Essential idea: When charges move an electric current is created.
Understandings: Electric current; direct current (DC)
Applications and skills: Identifying sign and nature of charge carriers in a metal; Identifying drift speed of charge carriers; Solving problems using the drift speed equation
Data booklet equations: I = ∆ q / ∆ t ; I = nAvq
This video introduces the lattice model of conduction and the concept of drift speed.
An example problem solved for drift speed calculations - and implications.
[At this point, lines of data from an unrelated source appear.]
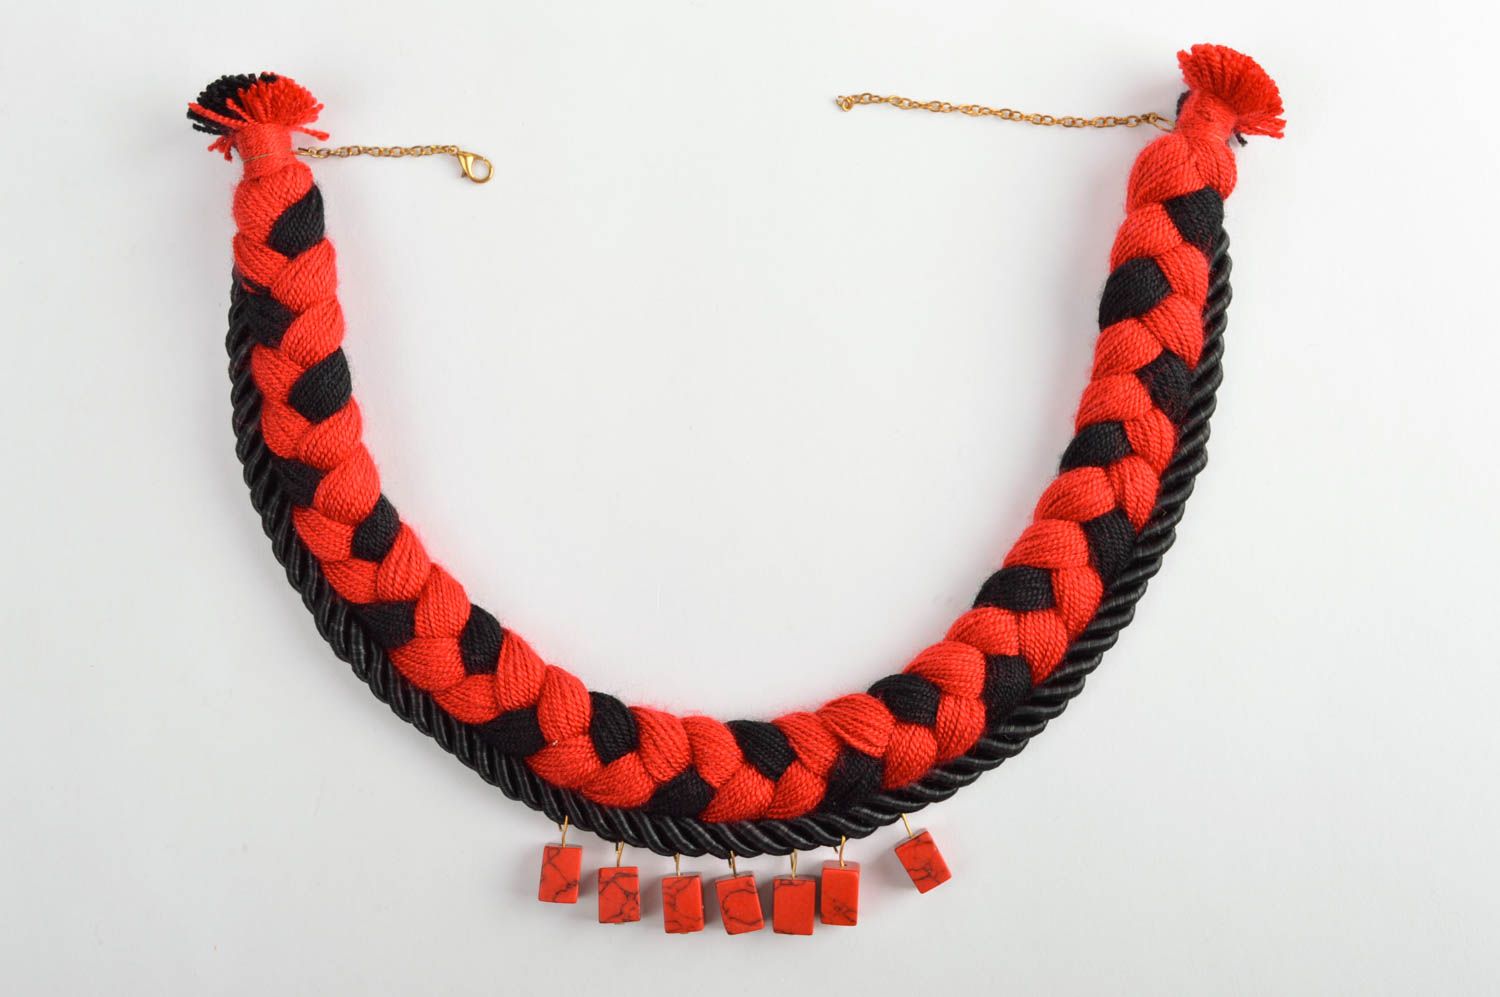 Collier textile Bijou fait main rouge et noir Accessoire femme tendance photo 5
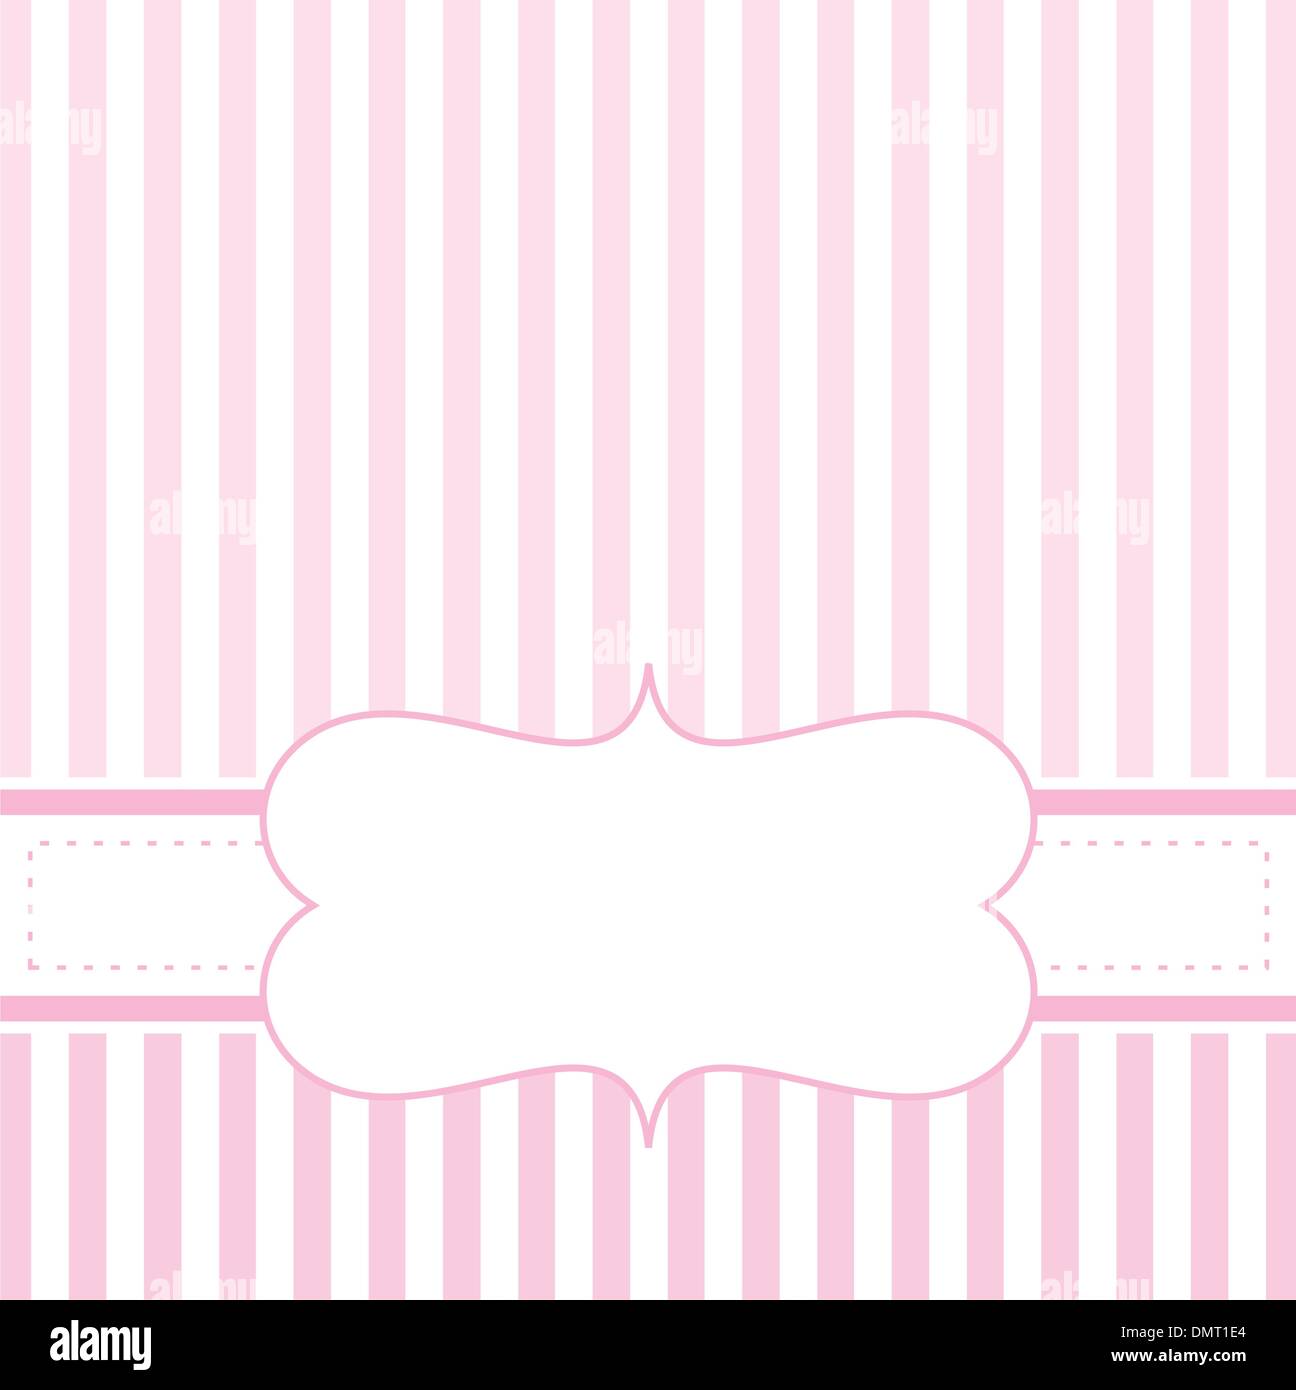 Pink valentines carte vecteur ou de mariage avec des rayures blanches sur fond rose mignon Illustration de Vecteur
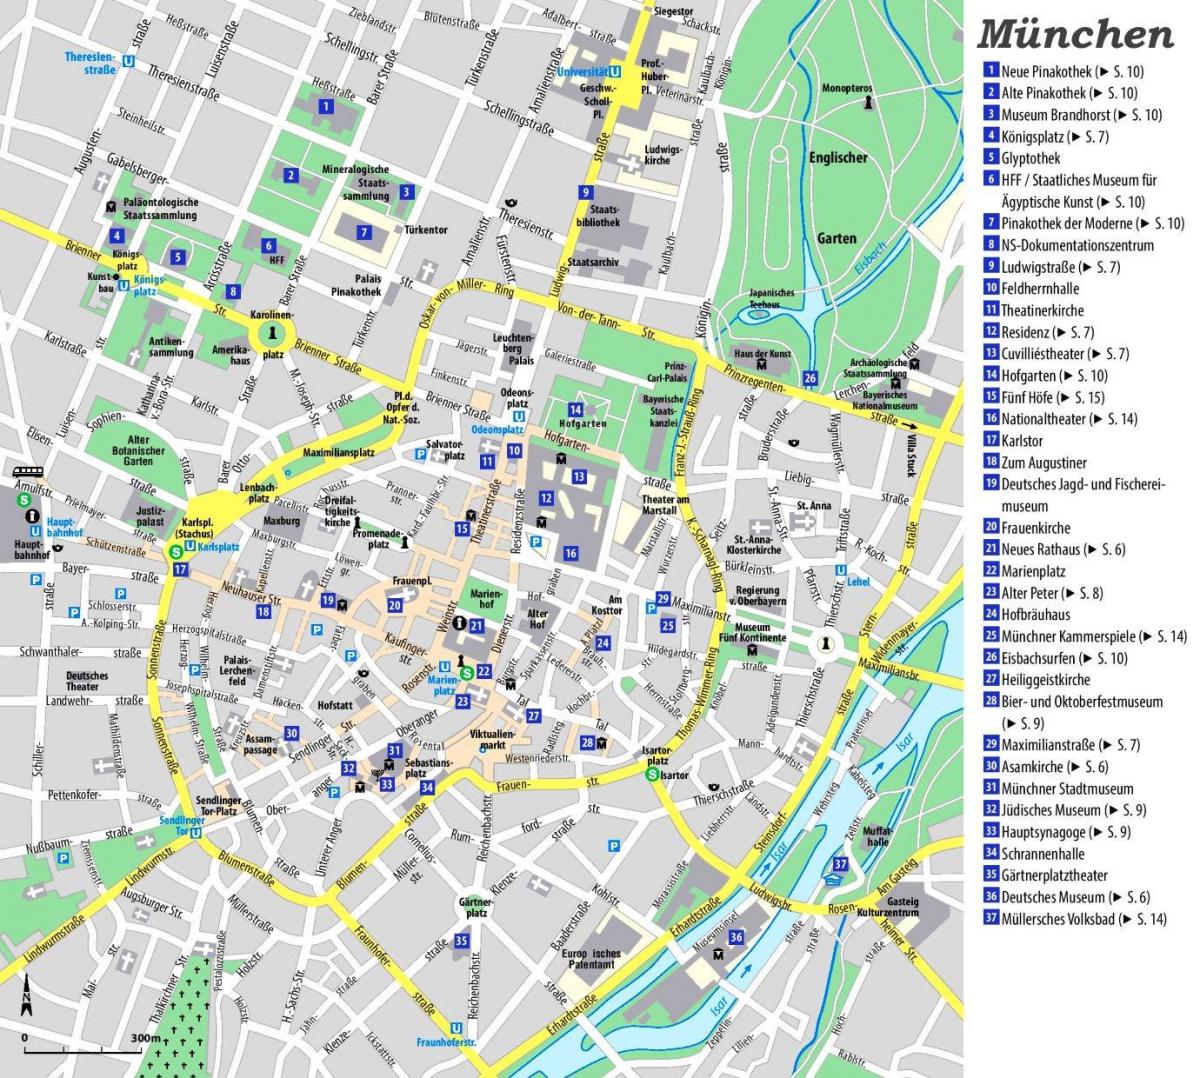 Plan des attractions de Munich

Charged objects or particles (known as charge carriers) interact with the electric field and experience a force. If there is a regular field in a particular area, and if there is a circular path (a circuit) and / or a consistent source of charge carriers then you can create an electric current, a flow of charge. A substance in which it is possible for charge to flow is called an electrical conductor. Metals are common conductors, using electrons as charge carriers, but non-metals, gases and liquids can also conduct in some cases. A particularly strong electrical field can create charge carriers by creating ions. This happens by pulling apart molecules and atoms, creating ions and free electrons. This phenomenon is known as electrical breakdown and occurs in the atmosphere when we see sparks, on a much larger scale, during a lightning storm.
Electrical conduction and currents occurs whenever it is possible for charge to flow, and conduction in metals is the most significant and commonly encountered case of electrical conduction in the IB DP Physics course. Metals are able to conduct because of metallic bonding, the principle of how atoms in metals are joined together. In metallic bonding a lattice of positively charged ions are surrounded by a sea of electrons, taken from the outermost shells of the metal atoms. Generally in a metal sample the electrons will be spread throughout the sample, repelling each other, vibrating and moving due to the thermal energy of the sample. The ions are also vibrating and ions and electrons do interact. This interaction gives rise to the phenomenon of electrical resistance - a description of how difficult the electrons find it flow through the sample. Since all substances (elements, alloys, etc) have different arrangements of ions and availability of electrons, the resistance of different samples changes. This concept, which we will explore later along a more in-depth examination of resistance, is called resistivity.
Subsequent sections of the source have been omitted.